● Stored data:
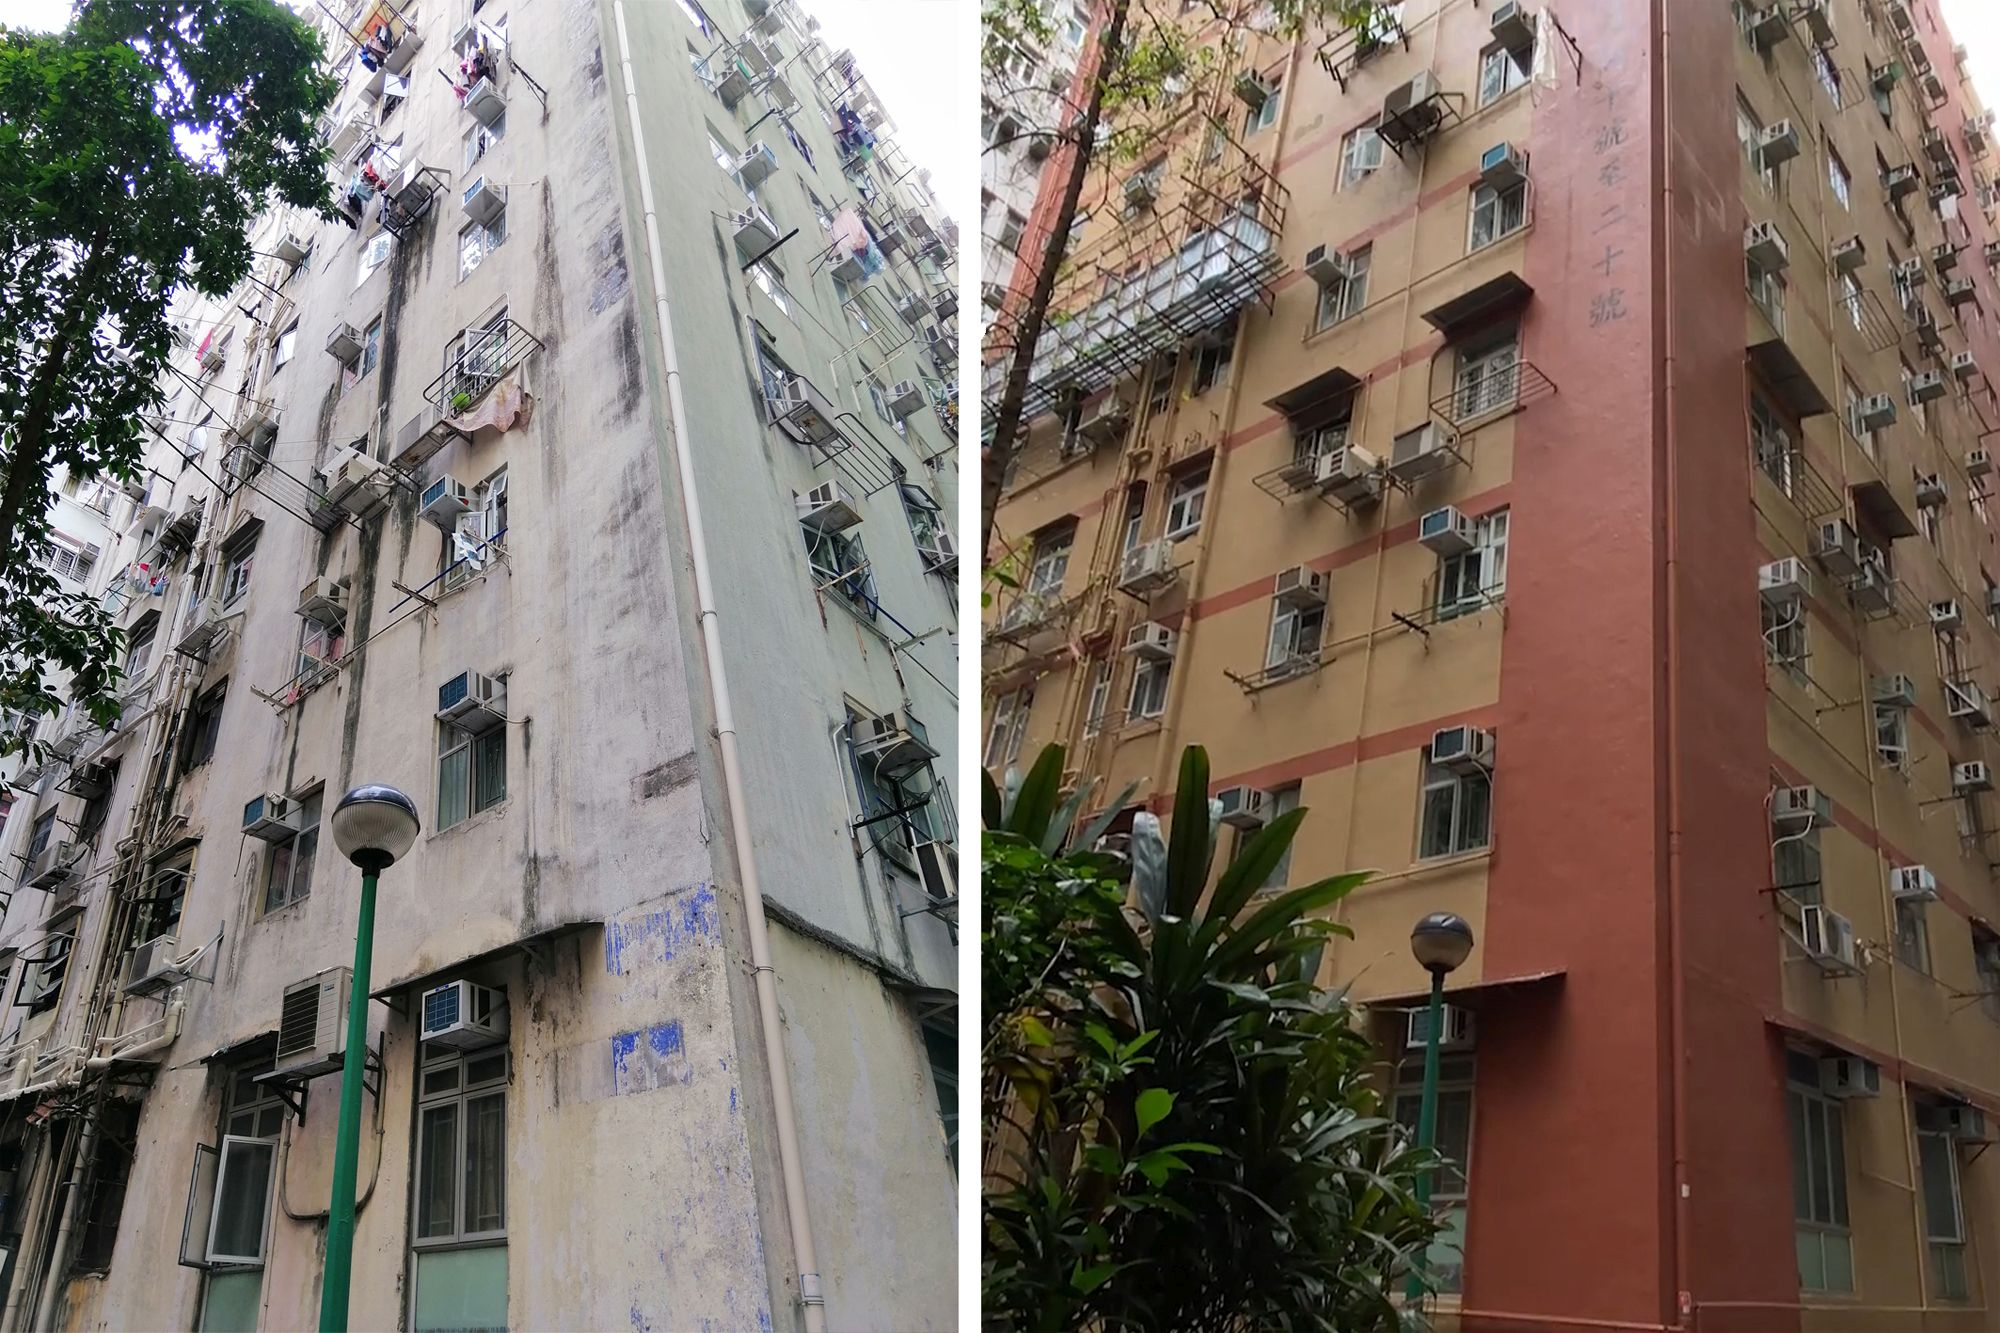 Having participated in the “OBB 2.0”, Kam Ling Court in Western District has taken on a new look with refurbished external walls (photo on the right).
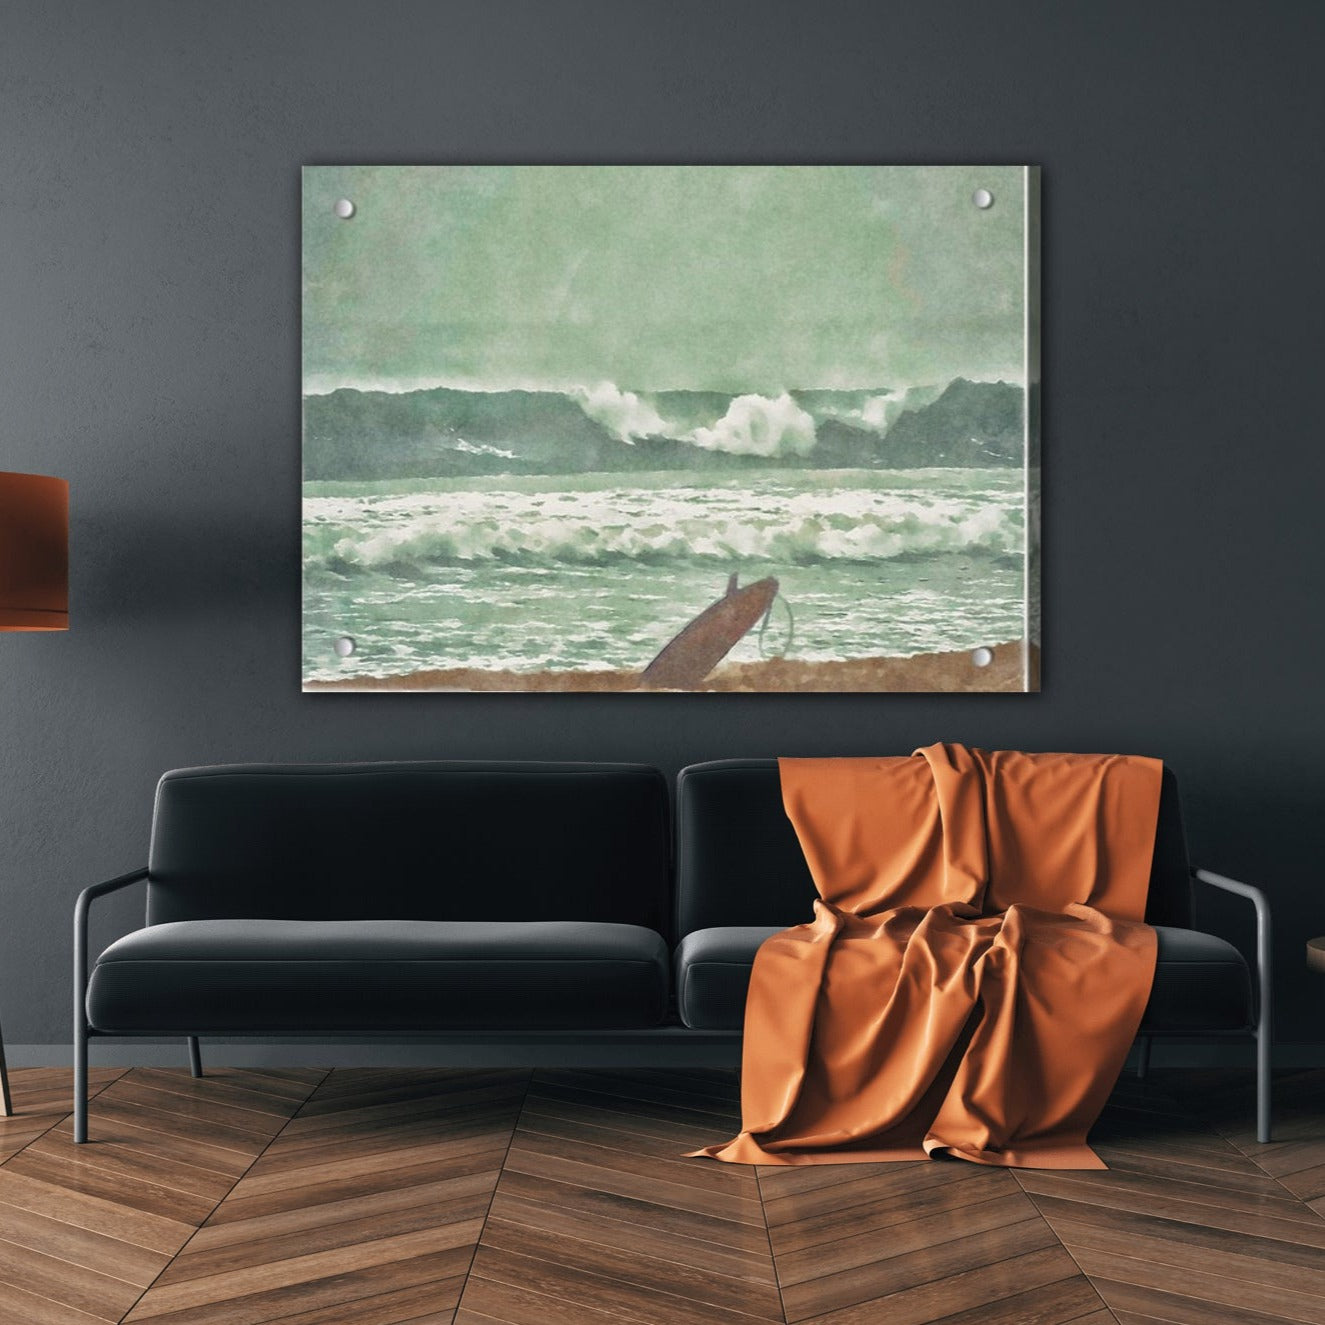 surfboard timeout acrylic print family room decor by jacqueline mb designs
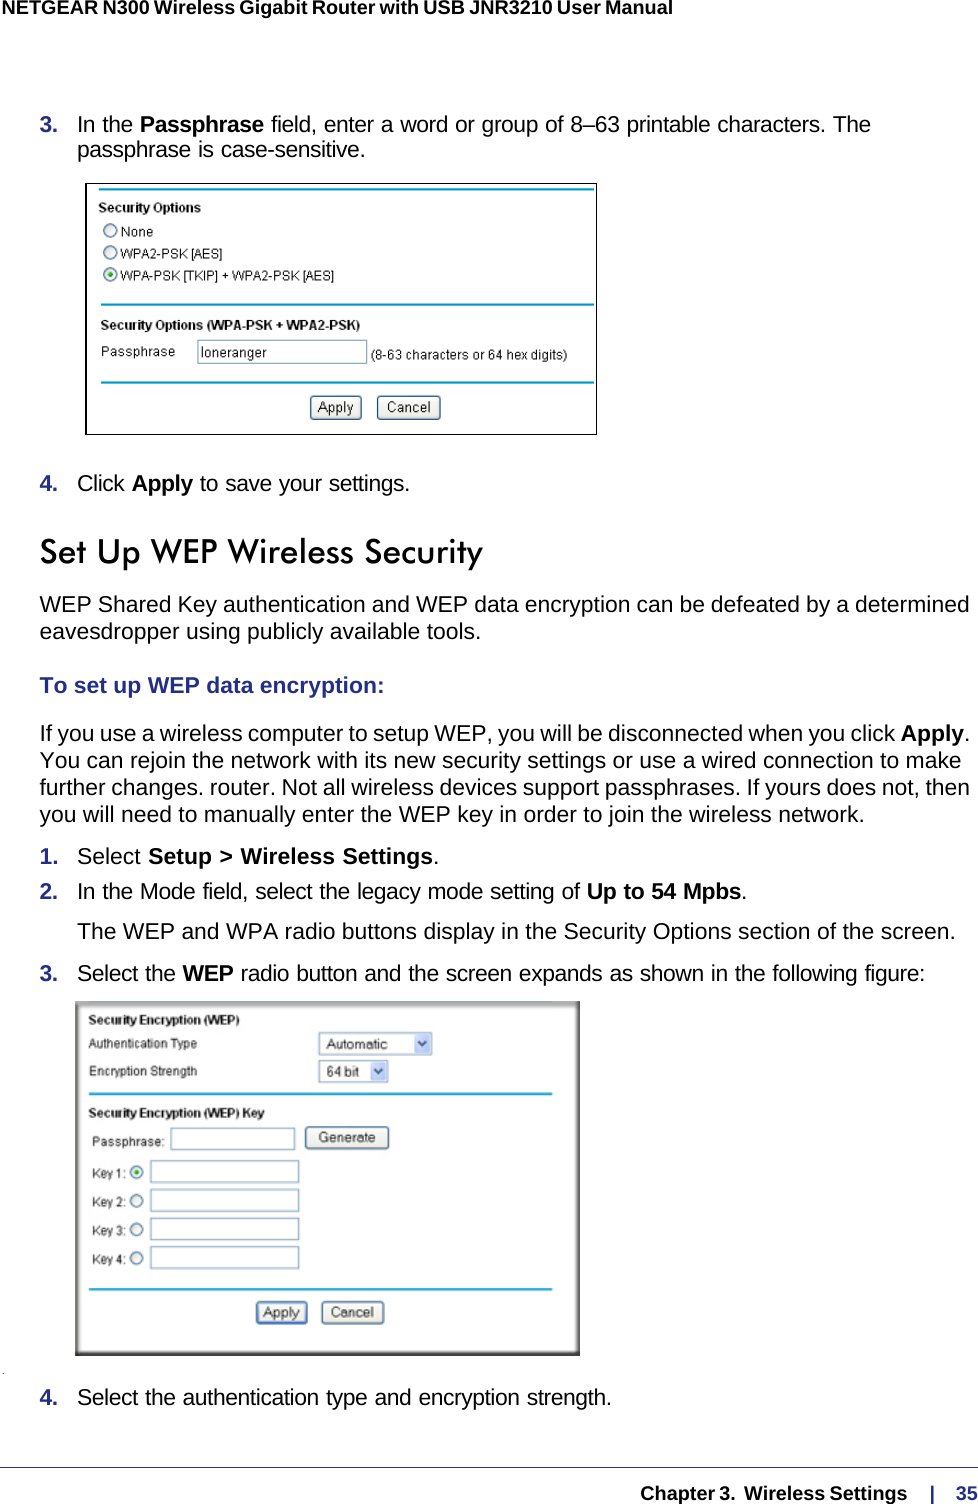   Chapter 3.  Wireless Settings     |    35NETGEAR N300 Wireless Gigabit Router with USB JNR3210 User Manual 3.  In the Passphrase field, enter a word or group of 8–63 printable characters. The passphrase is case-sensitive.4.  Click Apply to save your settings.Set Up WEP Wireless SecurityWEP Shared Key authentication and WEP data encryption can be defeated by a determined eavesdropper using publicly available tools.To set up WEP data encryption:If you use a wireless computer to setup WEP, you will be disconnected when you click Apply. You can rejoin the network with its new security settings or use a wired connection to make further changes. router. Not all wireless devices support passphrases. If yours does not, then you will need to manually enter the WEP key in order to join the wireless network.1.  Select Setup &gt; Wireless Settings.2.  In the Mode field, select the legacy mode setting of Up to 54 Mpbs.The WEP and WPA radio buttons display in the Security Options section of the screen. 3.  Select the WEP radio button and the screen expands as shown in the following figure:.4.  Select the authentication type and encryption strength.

● Your task:
Where the data contains an image, skip the image and copy everything else exactly as it appears.

● Completed exercise:
 Having participated in the “OBB 2.0”, Kam Ling Court in Western District has taken on a new look with refurbished external walls (photo on the right).
 surfboard timeout acrylic print family room decor by jacqueline mb designs
   Chapter 3.  Wireless Settings     |    35NETGEAR N300 Wireless Gigabit Router with USB JNR3210 User Manual 3.  In the Passphrase field, enter a word or group of 8–63 printable characters. The passphrase is case-sensitive.4.  Click Apply to save your settings.Set Up WEP Wireless SecurityWEP Shared Key authentication and WEP data encryption can be defeated by a determined eavesdropper using publicly available tools.To set up WEP data encryption:If you use a wireless computer to setup WEP, you will be disconnected when you click Apply. You can rejoin the network with its new security settings or use a wired connection to make further changes. router. Not all wireless devices support passphrases. If yours does not, then you will need to manually enter the WEP key in order to join the wireless network.1.  Select Setup &gt; Wireless Settings.2.  In the Mode field, select the legacy mode setting of Up to 54 Mpbs.The WEP and WPA radio buttons display in the Security Options section of the screen. 3.  Select the WEP radio button and the screen expands as shown in the following figure:.4.  Select the authentication type and encryption strength.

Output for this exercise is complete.